Based on these results, it can be concluded that both of the new cyclopentano analogues can be used effectively as calcium regulating agents or as differentiation inducing agents. The new analogues can therefore be used in the prophylaxis or treatment of calcium metabolism disorders such as renal osteodystrophy, vitamin D-resistant rickets, osteoporosis and related diseases. In the same way, their high efficacy in inducing differentiation of malignant cells into normal cells indicates that the cyclopentano analogues can be used instead of such known compounds as 1,25-(OH)₂D₃ for the treatment of neoplastic diseases, especially leukemias.
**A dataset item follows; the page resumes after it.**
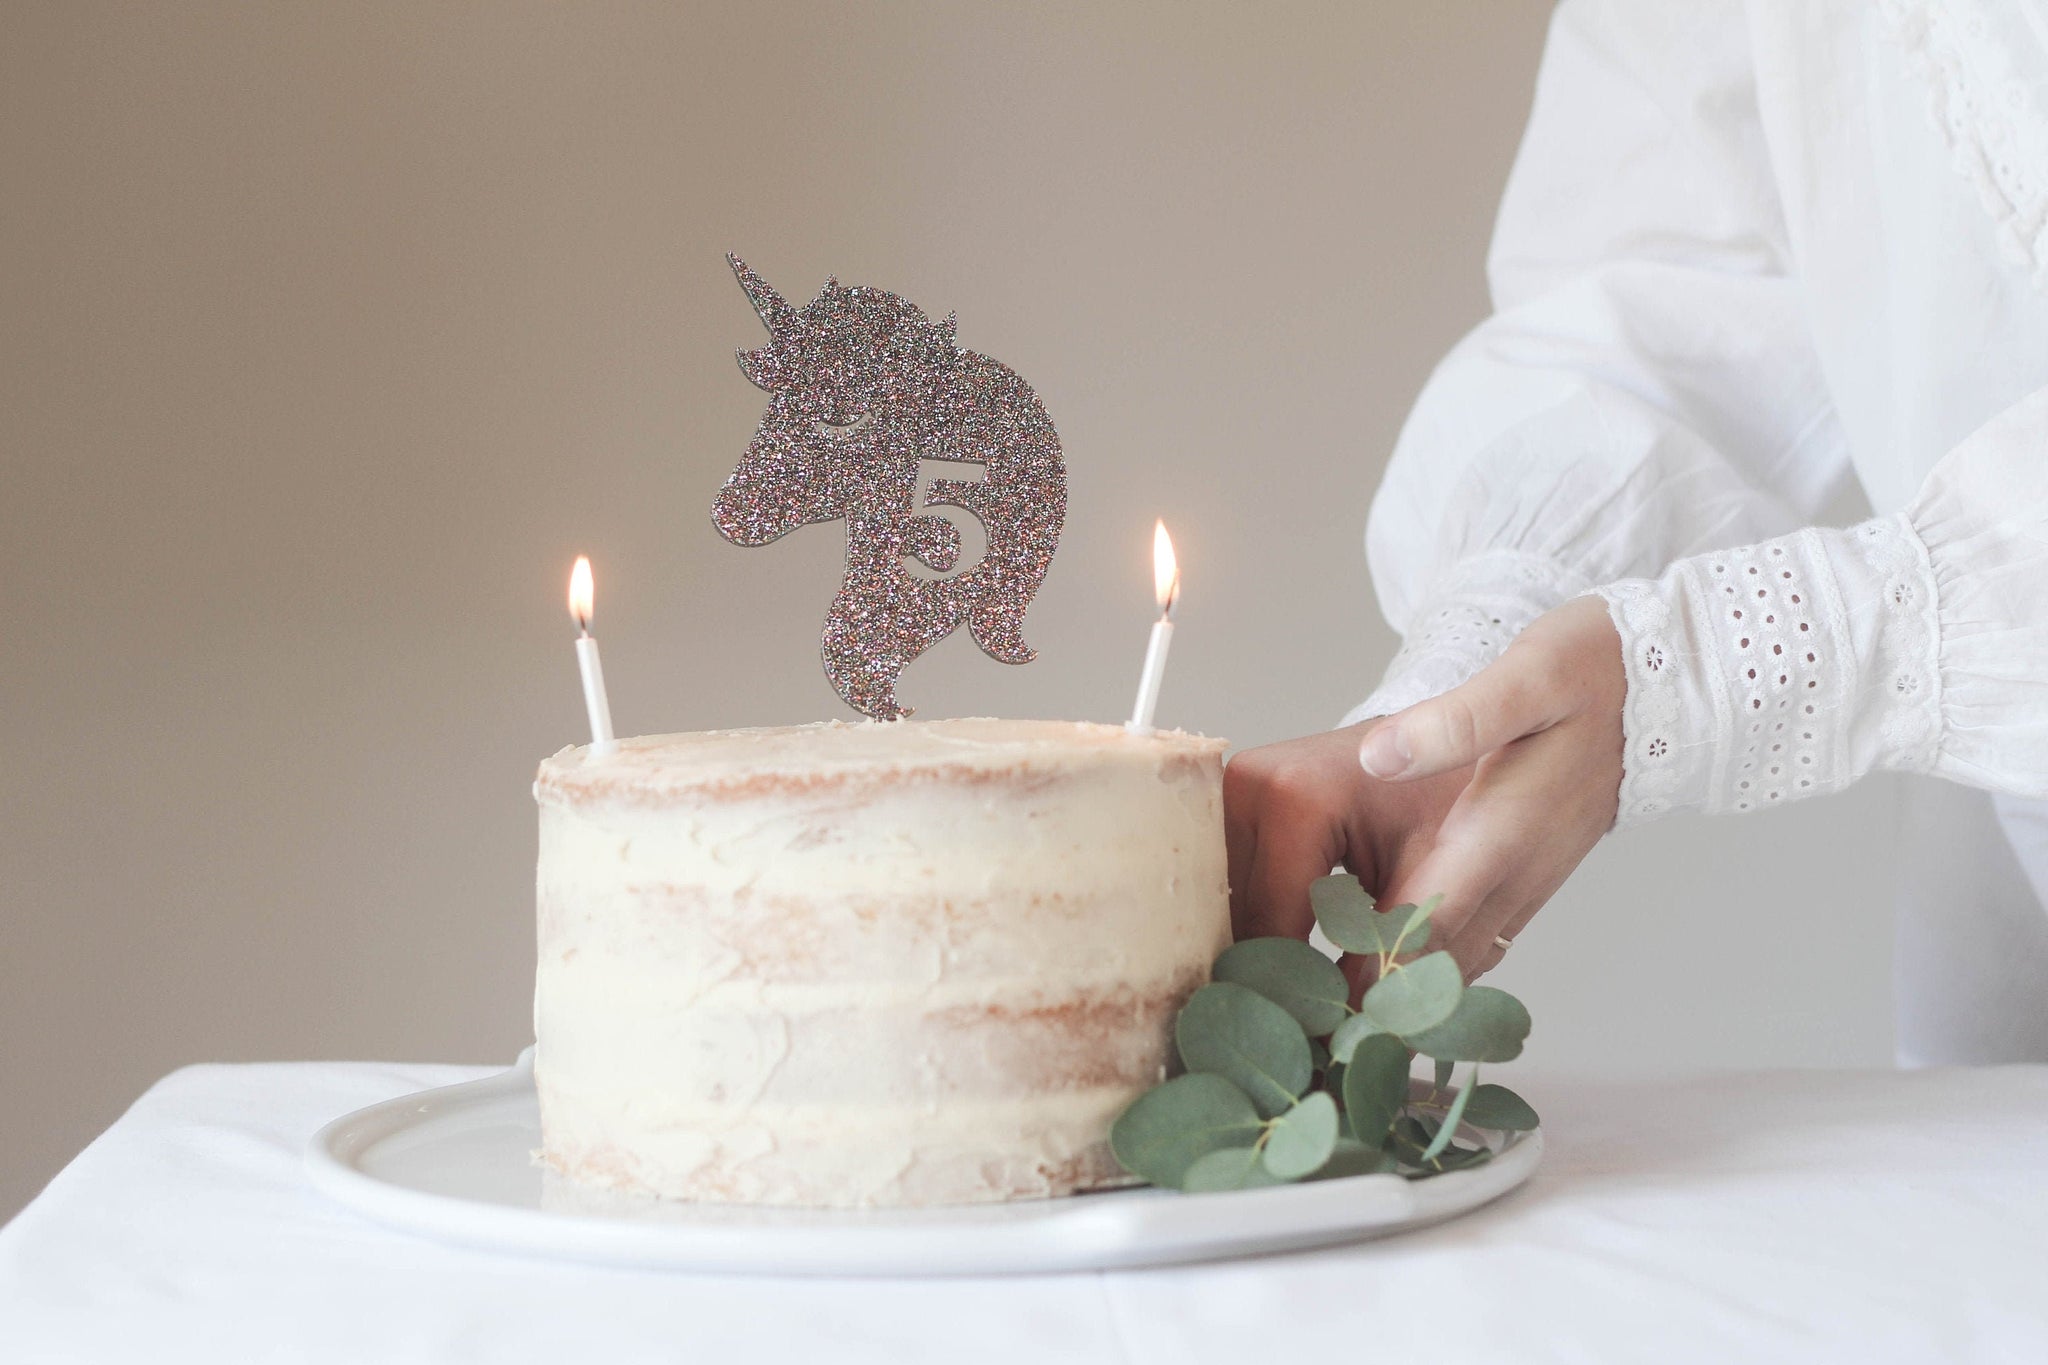 Glitter Unicorn Cake Topper Perfect For A Sparkly And Magical Unicorn Themed Birthday Party, Happy Birthday Cake Topper

For the purposes of treatment, these compounds can be used as solutions in harmless solvents, or as emulsions, suspensions, or dispersions in suitable and innocuous solvents and carriers, or as pills, tablets, or capsules in conventional manner known per se. Such formulations may also contain other pharmaceutically acceptable substances such as inert carriers, or stabilizers, anti-oxidants, binders, colorants, or emulsifying or flavor-modifying agents.
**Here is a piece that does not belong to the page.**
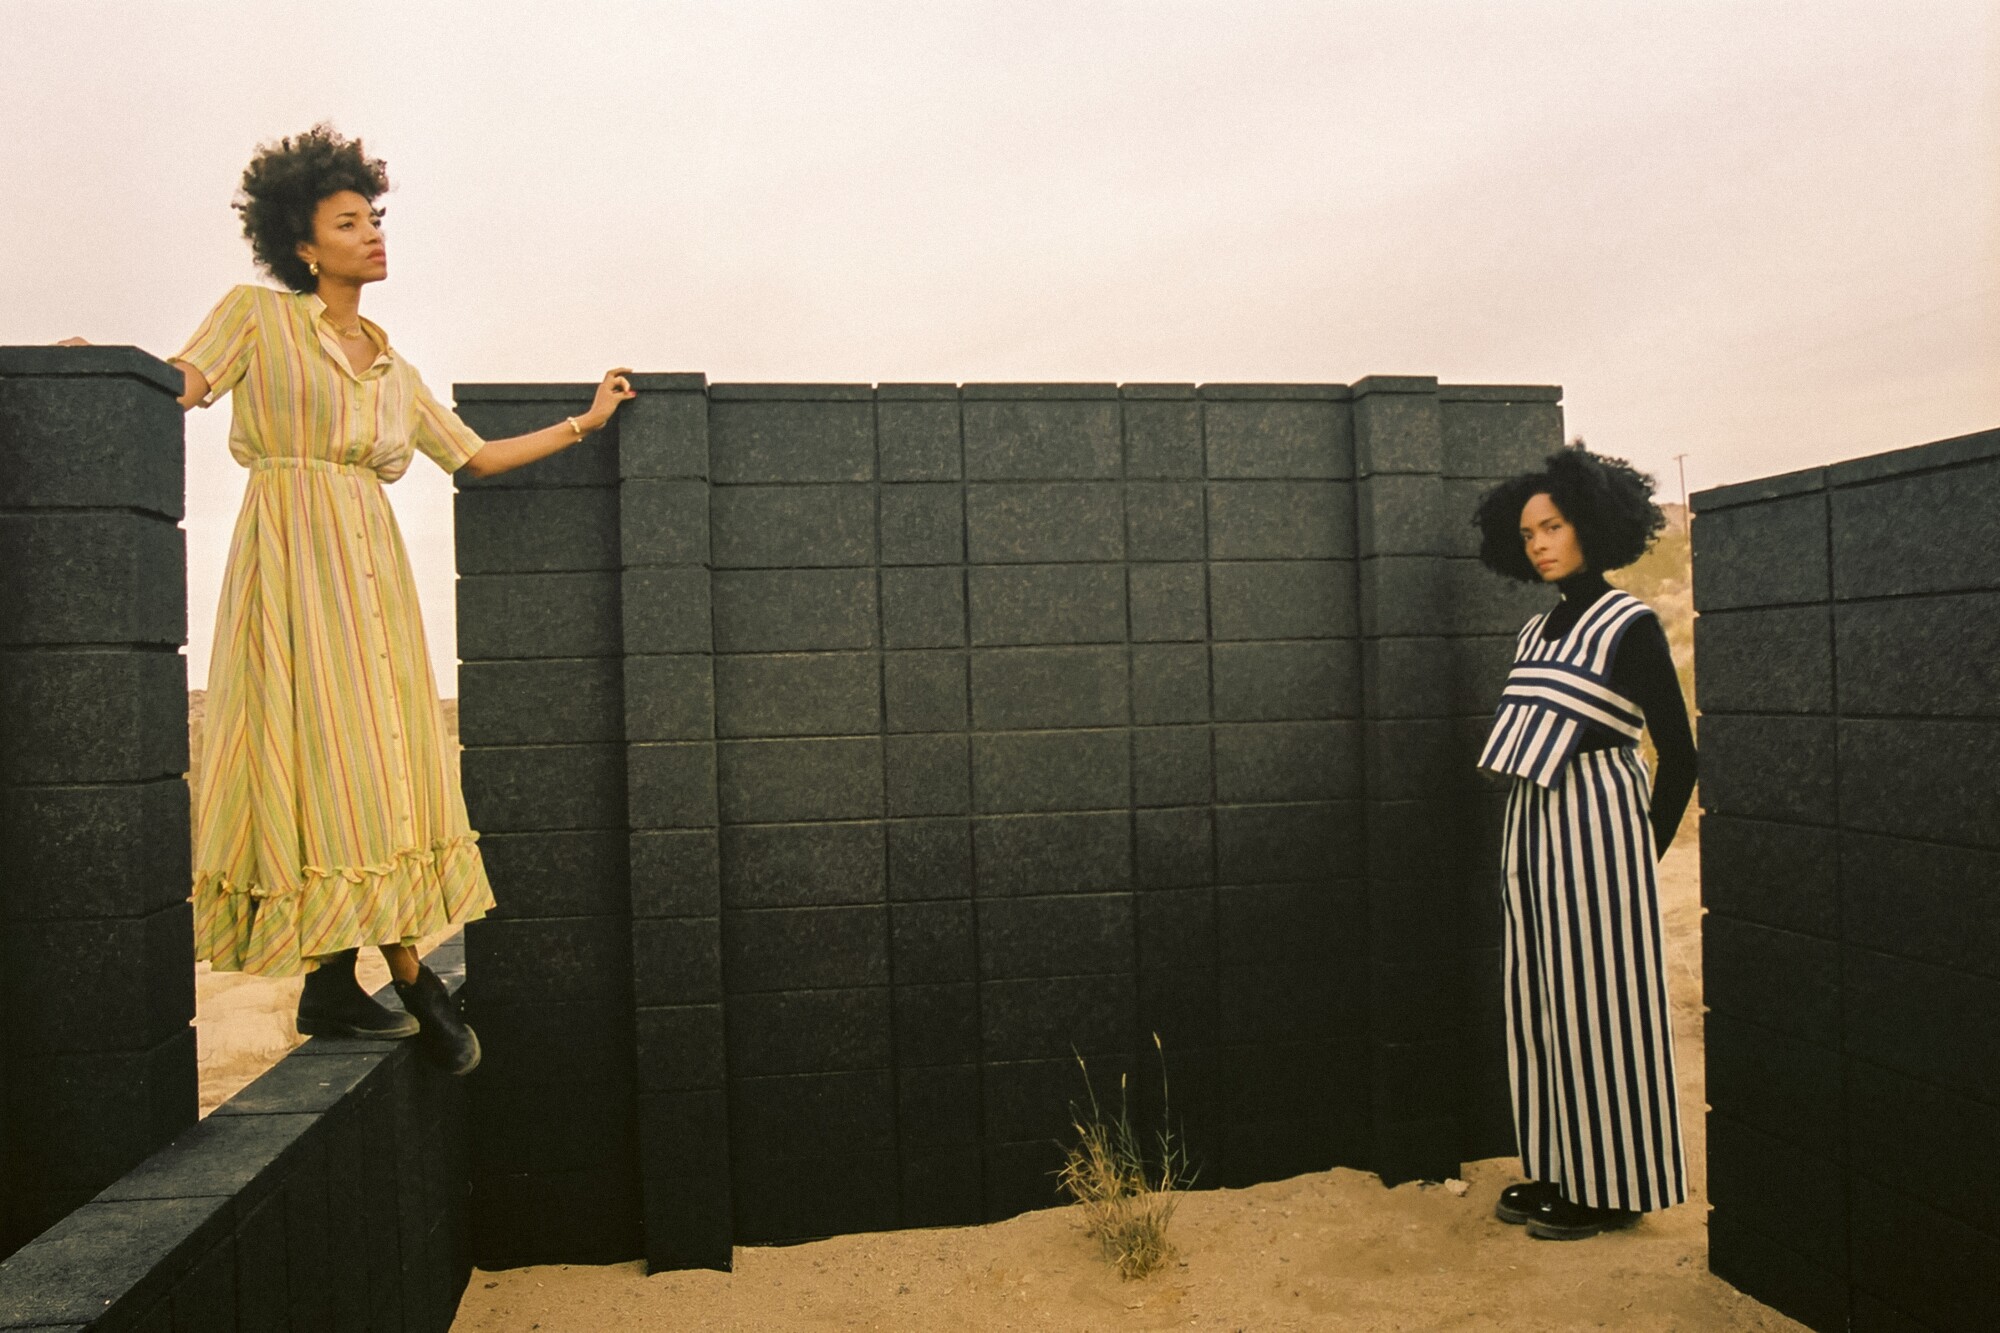 Two women stand amid black cinderblock walls in the desert.

The compounds are advantageously administered by injection, or by intravenous infusion of suitable sterile solutions, or in the form of oral doses as pills, tablets, or capsules. For the treatment or prophylaxis of disorders of calcium metabolism, the compounds are administered to patients in doses sufficient to correct the disorder or prevent it. Suitable dosage ranges are from 0.1 to 10 µg per day, depending on the condition and response of the patient being treated. Similar dosage levels are suitable when using the new compounds of the invention for the treatment of neoplastic diseases.

Claims (11)

1. Compounds of the following structure: wherein R¹, R² and R³, which may be the same or different, are selected from the group consisting of hydrogen and a hydroxy protecting group, X is selected from the group consisting of hydrogen and phenylsulfonyl, Y is selected from the group consisting of hydrogen, hydroxy and a protected hydroxy group, and wherein X and Y taken together form a carbon-carbon bond. 2. Compounds according to claim 1, characterized in that the hydroxy protective group is an acyl group or an alkoxyalkyl group. 3. Compounds according to claim 1, characterized in that the hydroxy protective group is an alkylsilyl group. 4. The connection with the structure: 5. The connection with the structure: 6. A pharmaceutical composition containing at least one of the compounds claimed in claim 1 together with a pharmaceutically acceptable carrier. 7. Pharmaceutical composition according to claim 6, characterized in that the compounds, alone or in combination, are present in an amount of about 0.1 to about 10 µg. 8. A pharmaceutical composition containing the compound of claim 4 together with a pharmaceutically acceptable carrier. 9. Pharmaceutical composition according to claim 8, characterized in that the compound is present in an amount of about 0.1 to about 10 µg. 10. A pharmaceutical composition containing the compound of claim 5 together with a pharmaceutically acceptable carrier. 11. Pharmaceutical composition according to claim 10, characterized in that the compound is present in an amount of about 0.1 to about 10 µg.